Characterization of RAS Alterations in Myeloma: Why Direct Targeting of RAS May be the Most Appropriate Therapeutic Approach

Recent studies have shown that the RAS pathway is a major therapeutic target with which to develop personalized treatment strategies for myeloma patients. In order to translate this knowledge into patient benefit, we have taken a systematic approach by characterizing the mutational profile of the RAS pathway and examining its role in disease progression and patient outcome. Finally we investigated a targeted treatment approach using small molecules to inhibit the RAS MAPK signalling cascade at different levels.

In order to gain a deeper understanding of RAS pathway alterations in myeloma, next-generation sequencing data was analyzed from 463 patients entered into the MRC Myeloma XI trial. Using published papers and online databases, a panel of 72 genes were identified as RAS MAPK family genes and were grouped into 5 categories: RAS GTPases, guanine nucleotide exchange factors (GEFs), GTPase-activating proteins (GAPs), downstream pathway or RAS processing genes. Thirty seven of these genes were mutated in 50% of patients, with novel mutations described for genes in each of these categories. The mutation frequency of KRAS (22.5%), NRAS (19.7%) and BRAF (7.8%) was in-line with other reports and KRAS was found mutated at more codons compared to NRAS. Additionally, recurrent mutations at the same codon were identified only in KRAS, NRAS and BRAF, attesting to their importance in this disease. A quarter of patients (n=59) had more than one RAS MAPK mutation. When more than one mutation was present, the majority were in two RAS GTPases (n=19) (most commonly KRAS and NRAS (n=8) or both in KRAS (n=6)) or in a RAS GTPase and a downstream pathway gene (n=12). One patient had mutations in KRAS, NRAS and BRAF but at sub-clonal levels, indicating they may be present in different cells.

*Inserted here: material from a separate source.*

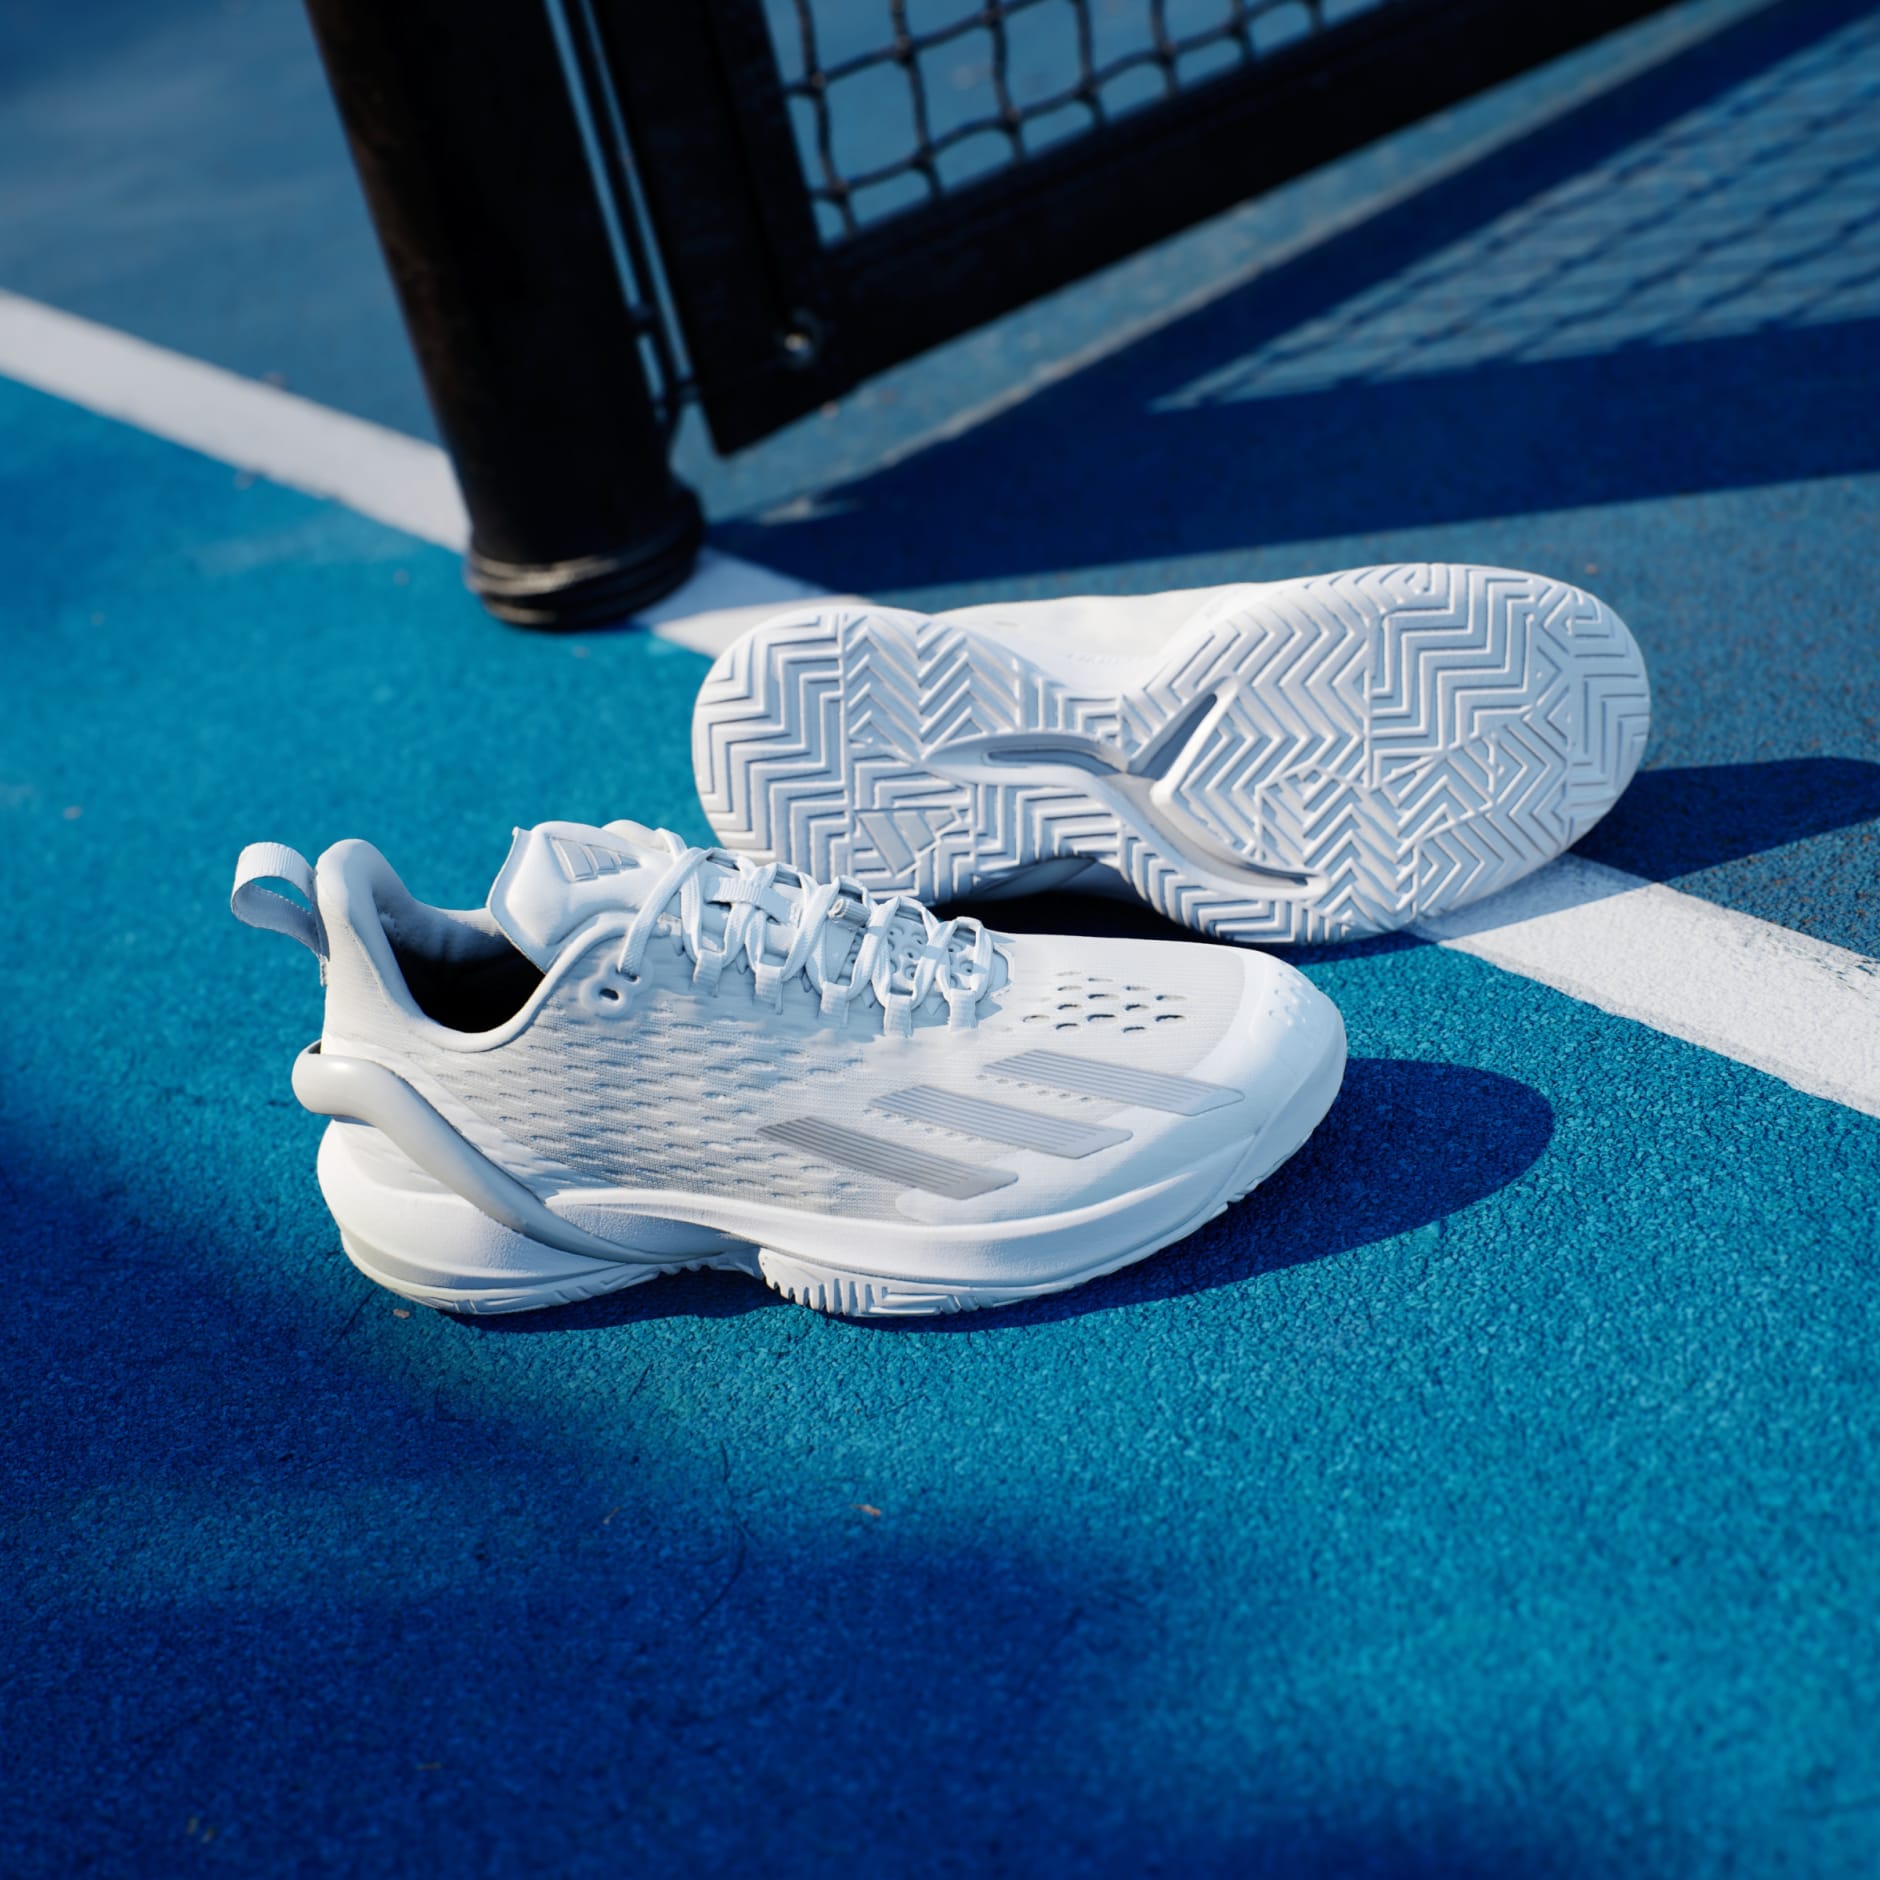 Chaussures de tennis pour homme adidas Adizero Cybersonic White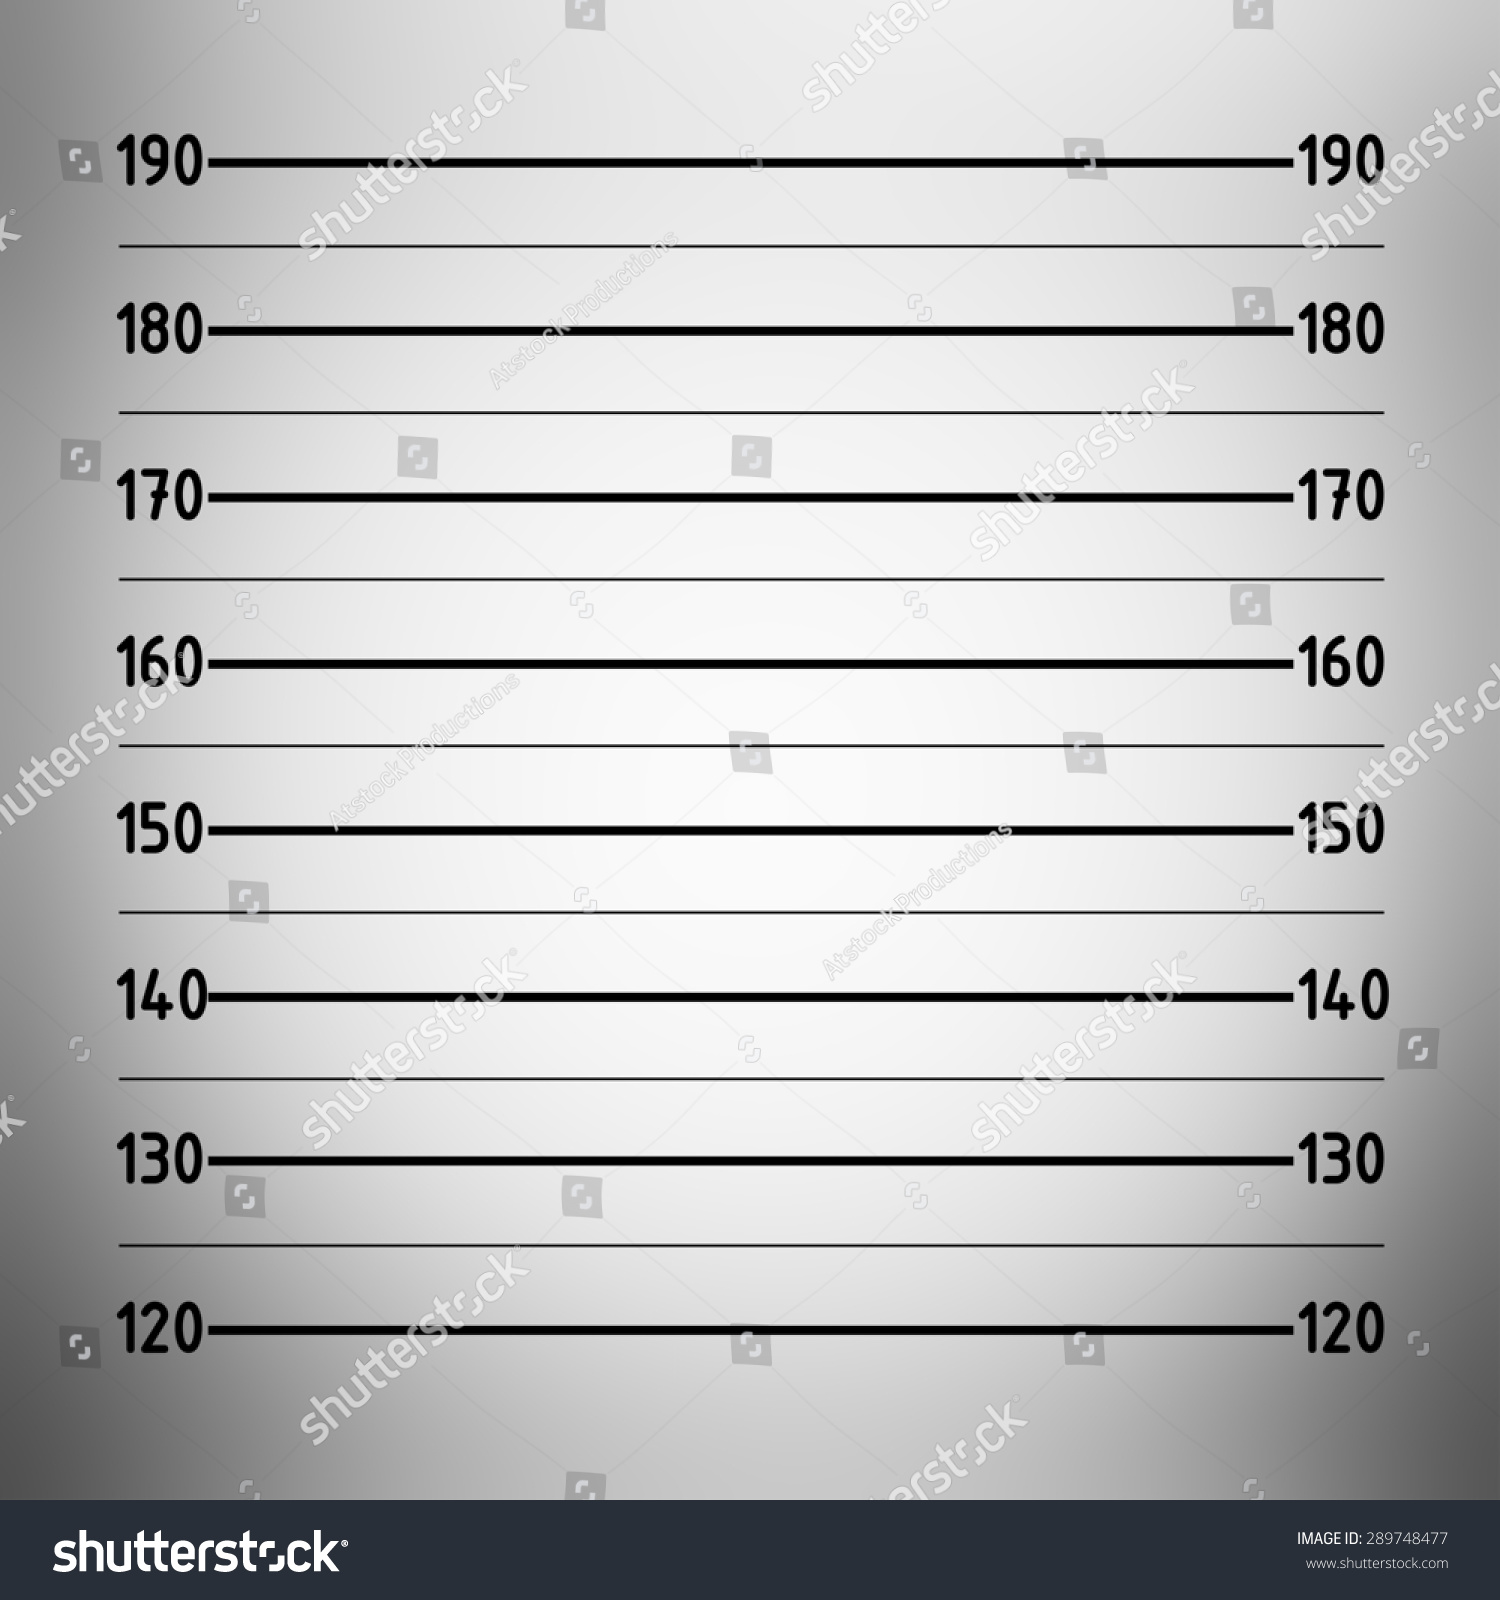 Police Lineup Mugshot Background Centimeter Unit Stock Illustration ...

We also assessed the role of this pathway in myeloma by examining gene expression profiling data from plasma cells at various myeloma disease stages (GSE2113, GSE5900 and GSE6477). This analysis highlighted roles for KRAS, RAF1, MAPK1, MAP2K1, NF1, RASGRP1 and FNTA in disease progression from MGUS to PCL. Additionally, survival analysis suggested important roles for MAPK1 in determining outcome in newly diagnosed patients in the HOVON65/GMMG-HD4 (GSE19784) trial and FNTA, KRAS, MAP2K1 and RAF1 in determining outcome in relapsed patients in the APEX (GSE9782) trial. These results suggest the highlighted genes are important in mediating clinical outcome and could be therapeutic targets.

Given the biological importance of this pathway, we have explored its therapeutic potential by using inhibitors that target the pathway at different levels. Inhibitors included those targeting RAS (n=2), RAF1 (n=2), RAF1/BRAF (n=2), MEK (n=2) and ERK (n=1). The effect of these inhibitors was explored in a panel of 8 myeloma cell lines chosen based on their differing RAS mutational status. Using Western blot analysis, all cell lines showed evidence of activation of the RAS MAPK pathway. No consistent pattern of expression was observed in terms of the levels of activated pathway proteins in KRAS mutant cells compared to NRAS or non-mutated cells. In contrast NRAS and BRAF mutant cells contained elevated levels of activated MEK compared to the other cell lines and were the most sensitive to a MEK inhibitor. Interestingly all cell lines, regardless of mutational status, were similarly sensitive to a novel KRAS inhibitor which prevents KRAS reaching its correct localization. It was shown to be effective at inducing apoptosis, even in the presence of the bone marrow stromal cells. Importantly, protein analysis demonstrated these effects were target-driven with Western blot analysis indicating inhibition of RAS signalling within two to six hours of treatment. Thus, the direct targeting of RAS early in the signalling cascade may be effective against myeloma, irrespective of the RAS mutation status.